▸ **What you need to do**
Beneath this line are entries. Copy the range from the line with "Fancy a Flutter" to the line with "Arts icon set in black - 14843352", ends included, exactly; leave pictures out.

▸ **Input records**
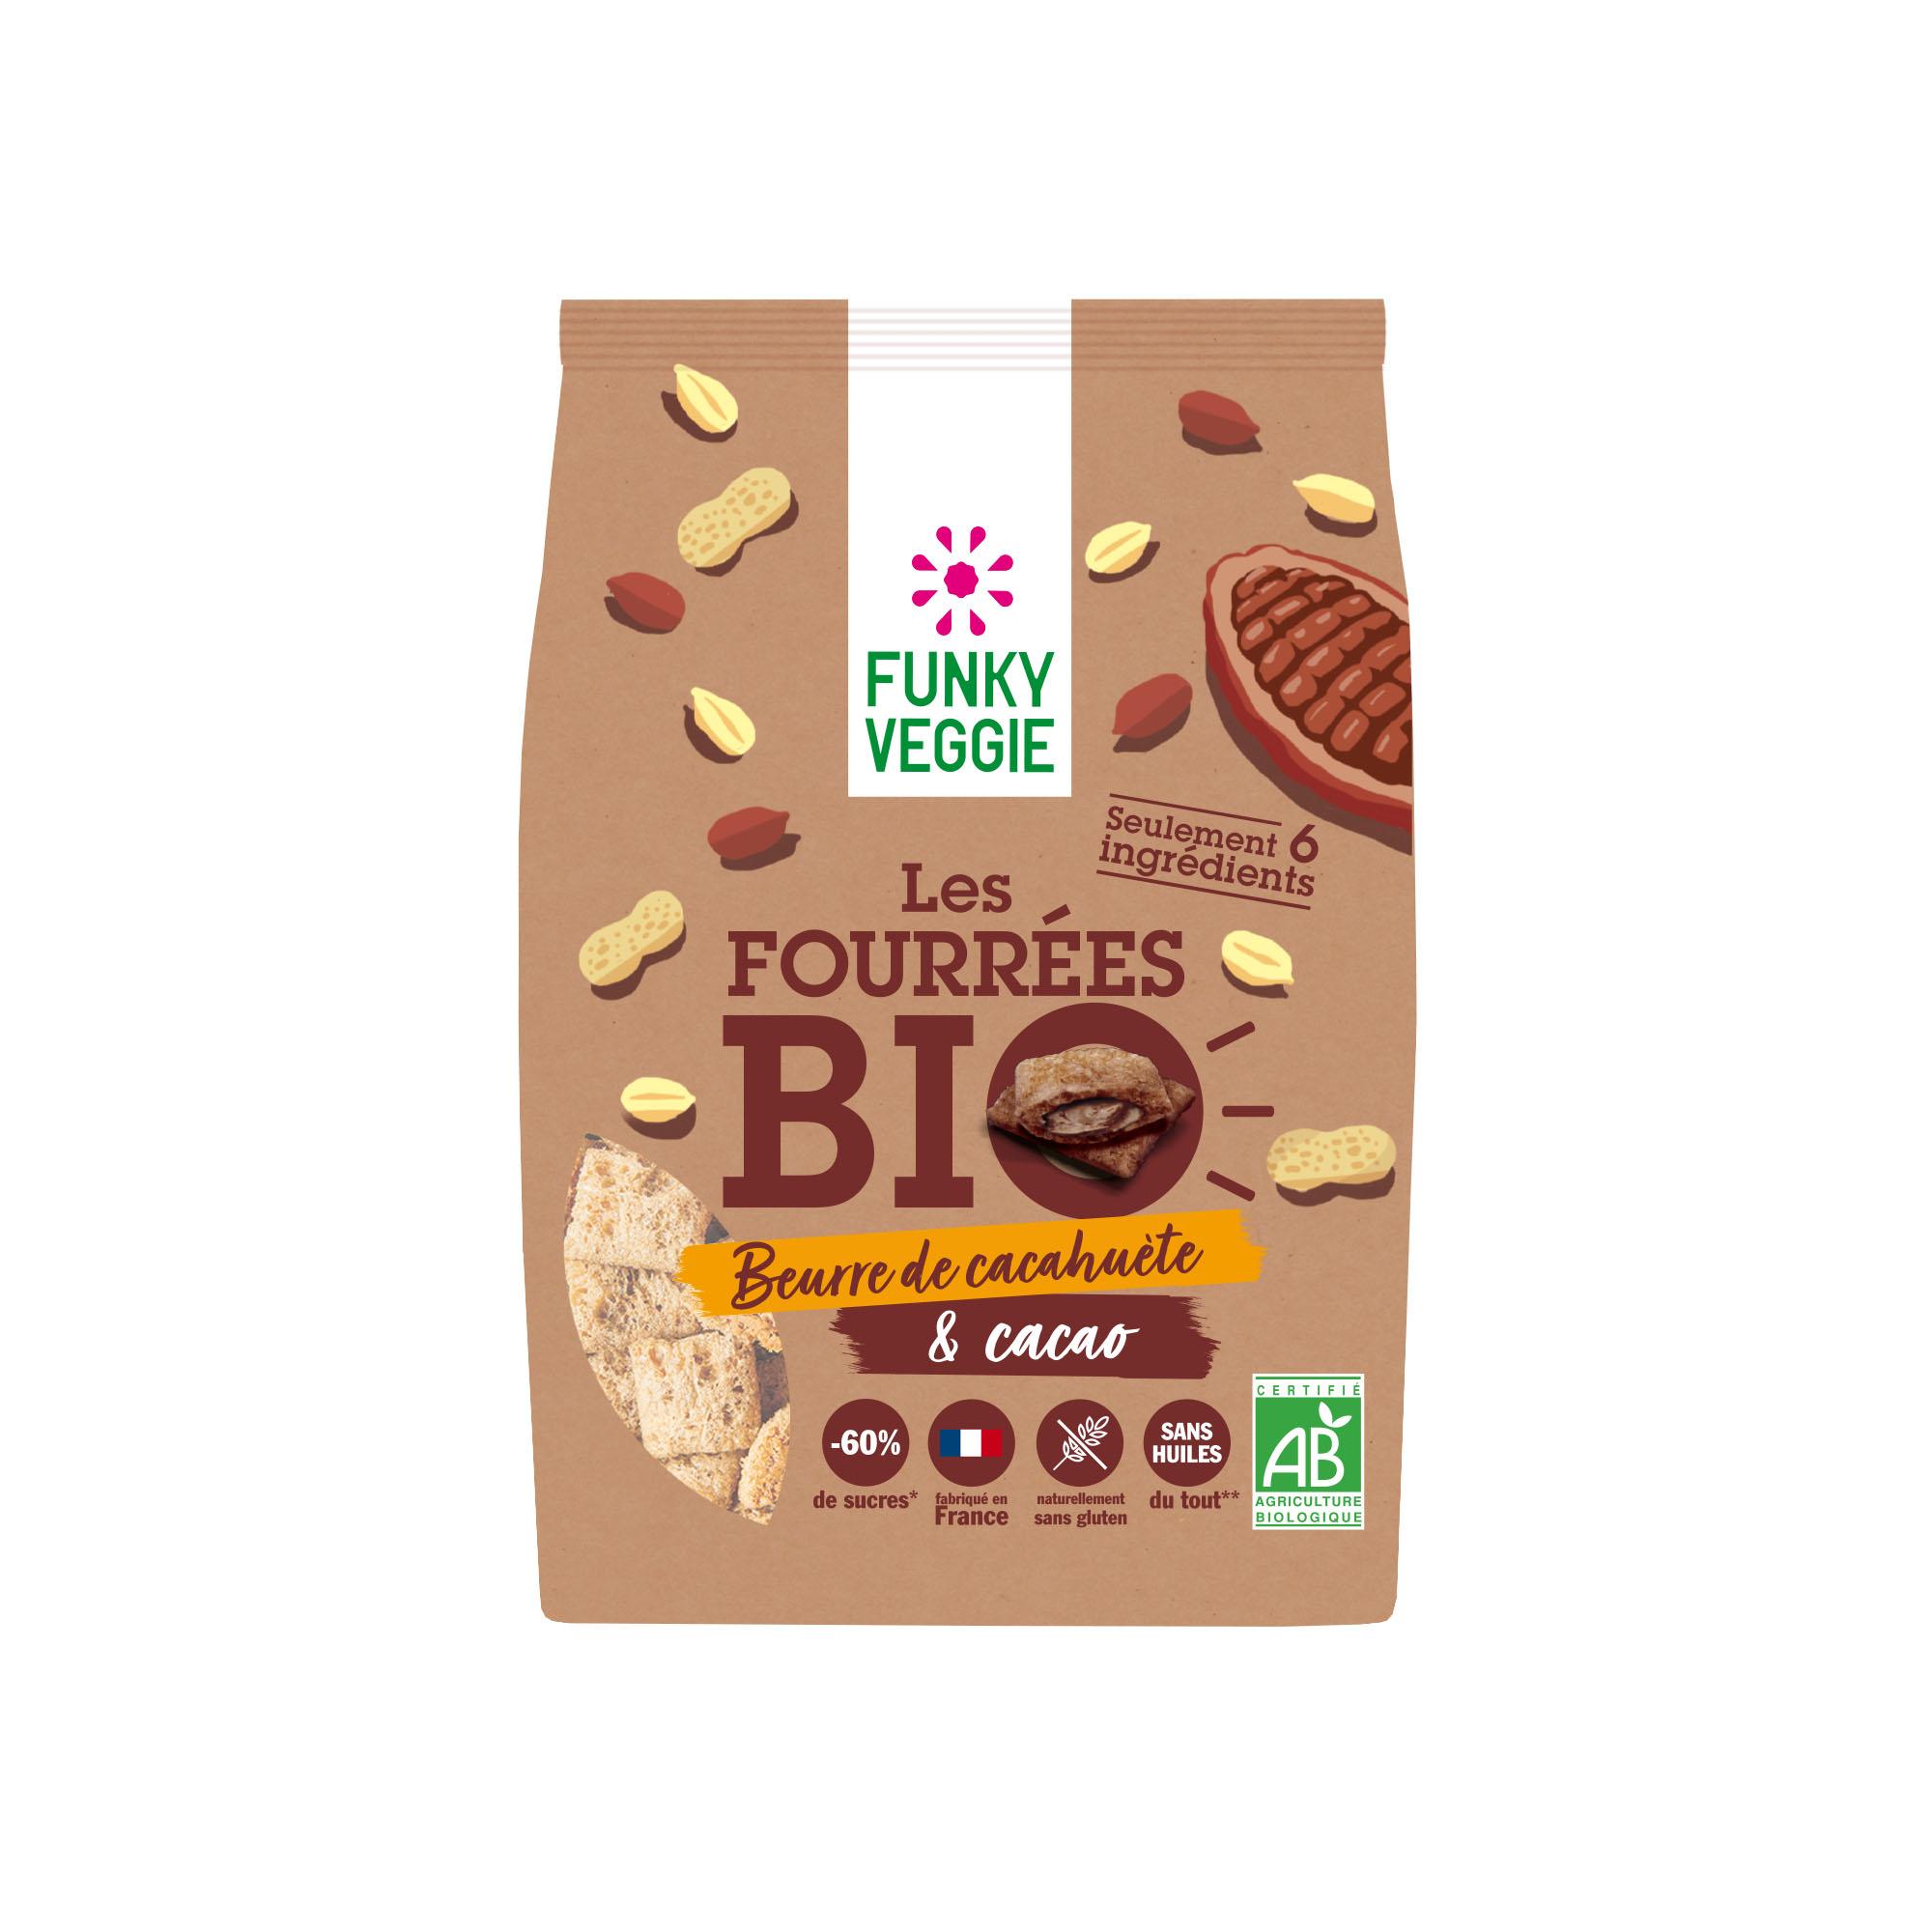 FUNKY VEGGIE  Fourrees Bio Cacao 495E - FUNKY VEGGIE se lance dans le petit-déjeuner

...

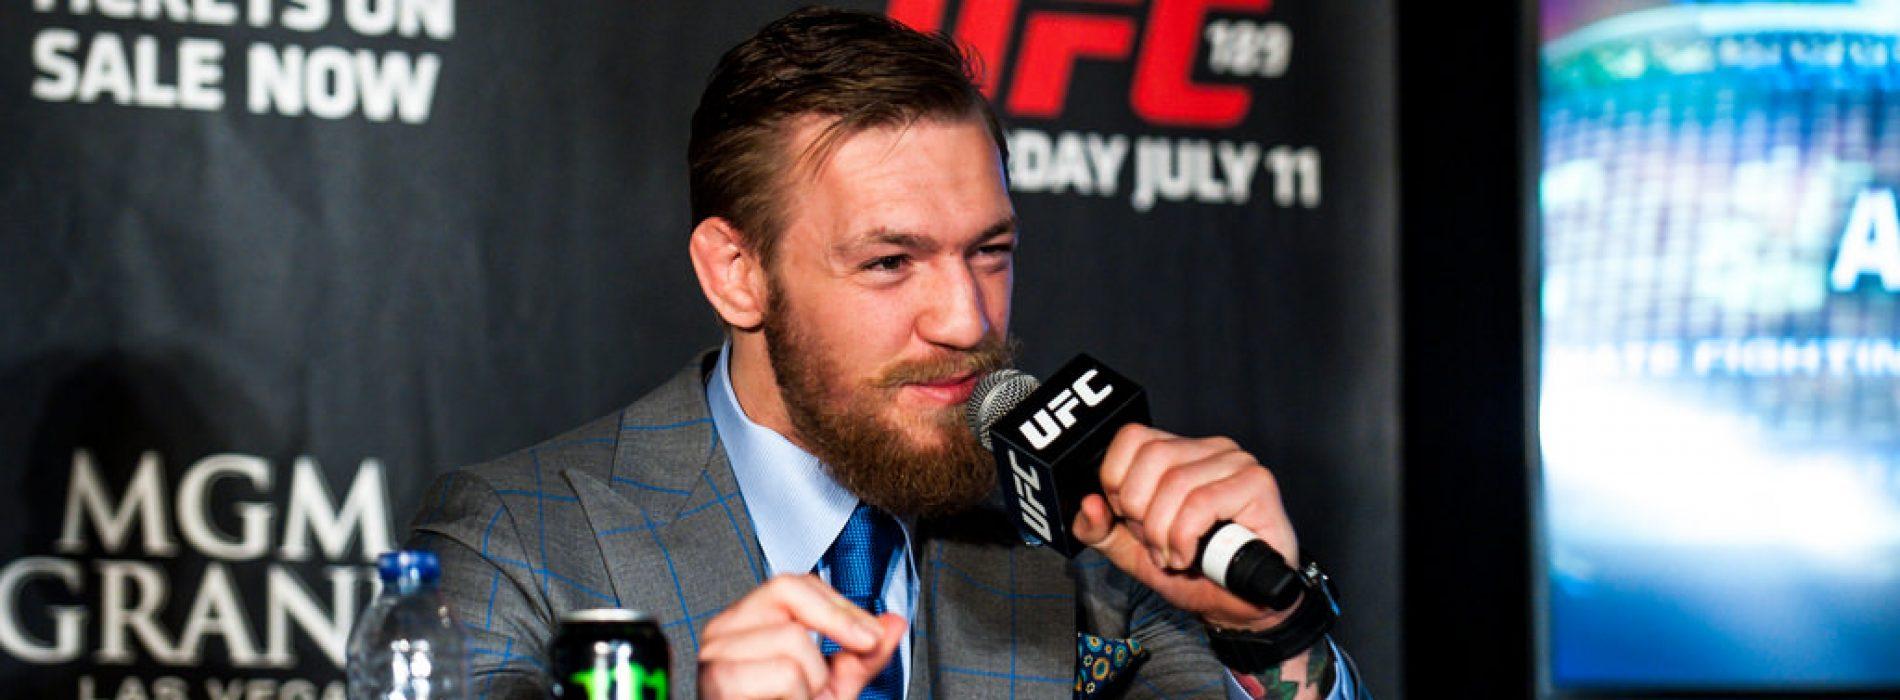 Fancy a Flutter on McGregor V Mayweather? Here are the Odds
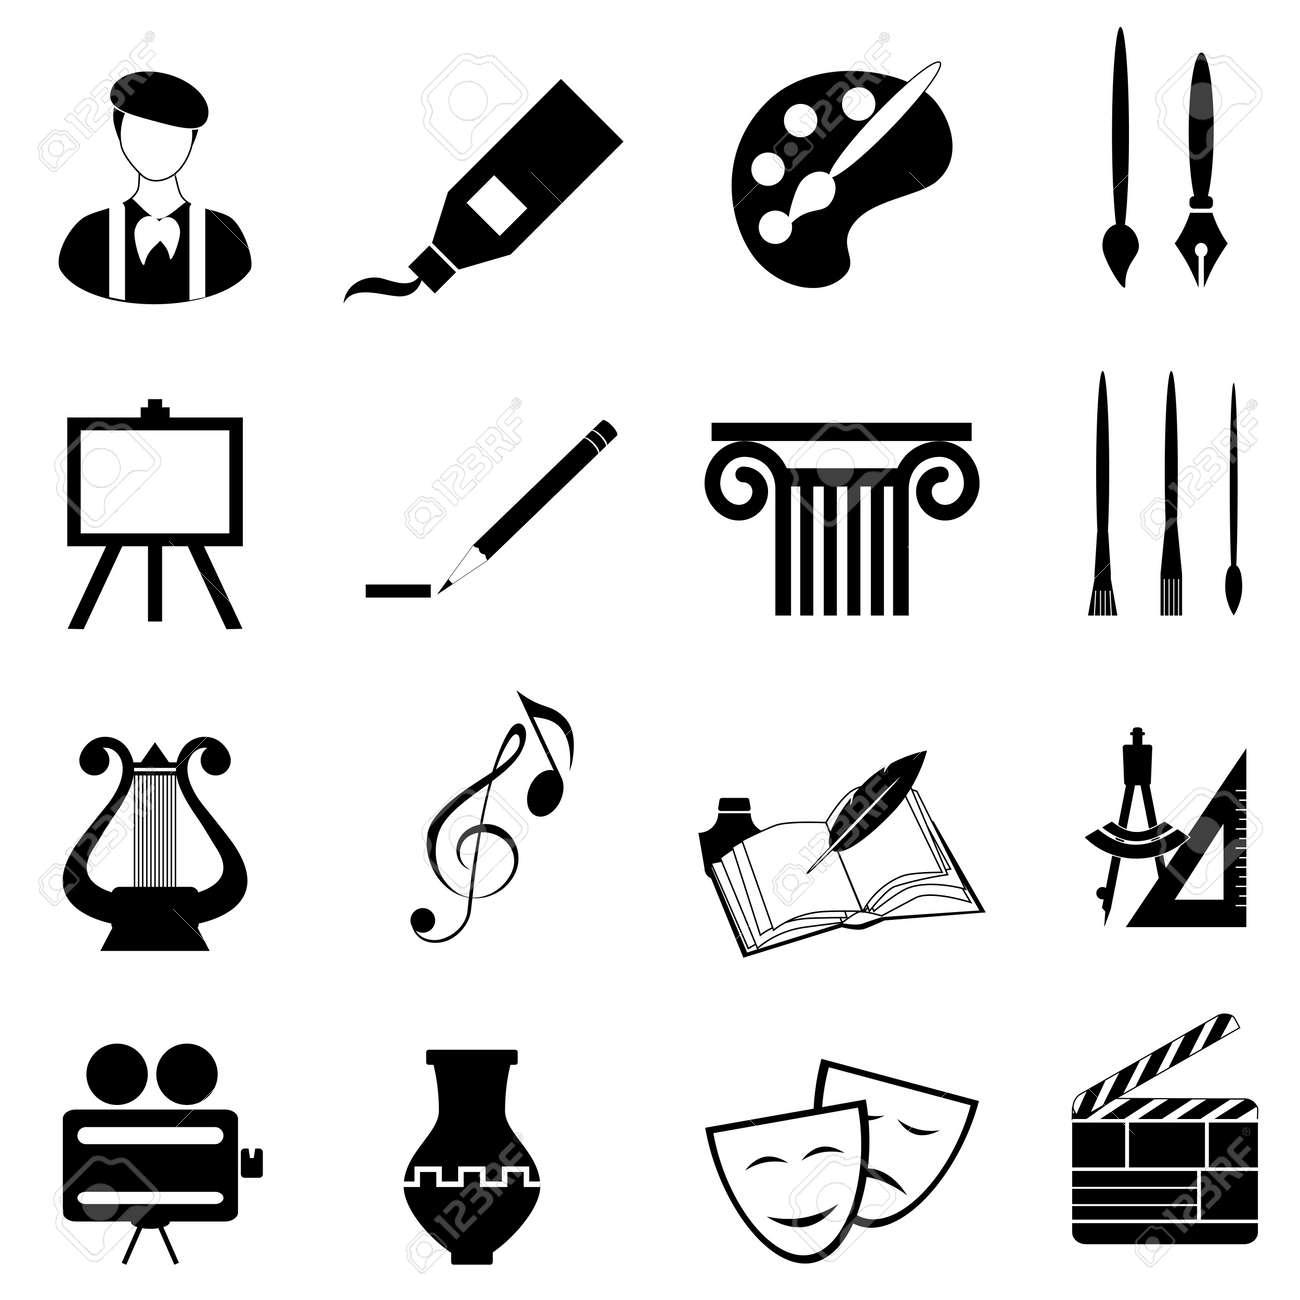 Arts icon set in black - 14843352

▸ **Answer box**
 Fancy a Flutter on McGregor V Mayweather? Here are the Odds
 Arts icon set in black - 14843352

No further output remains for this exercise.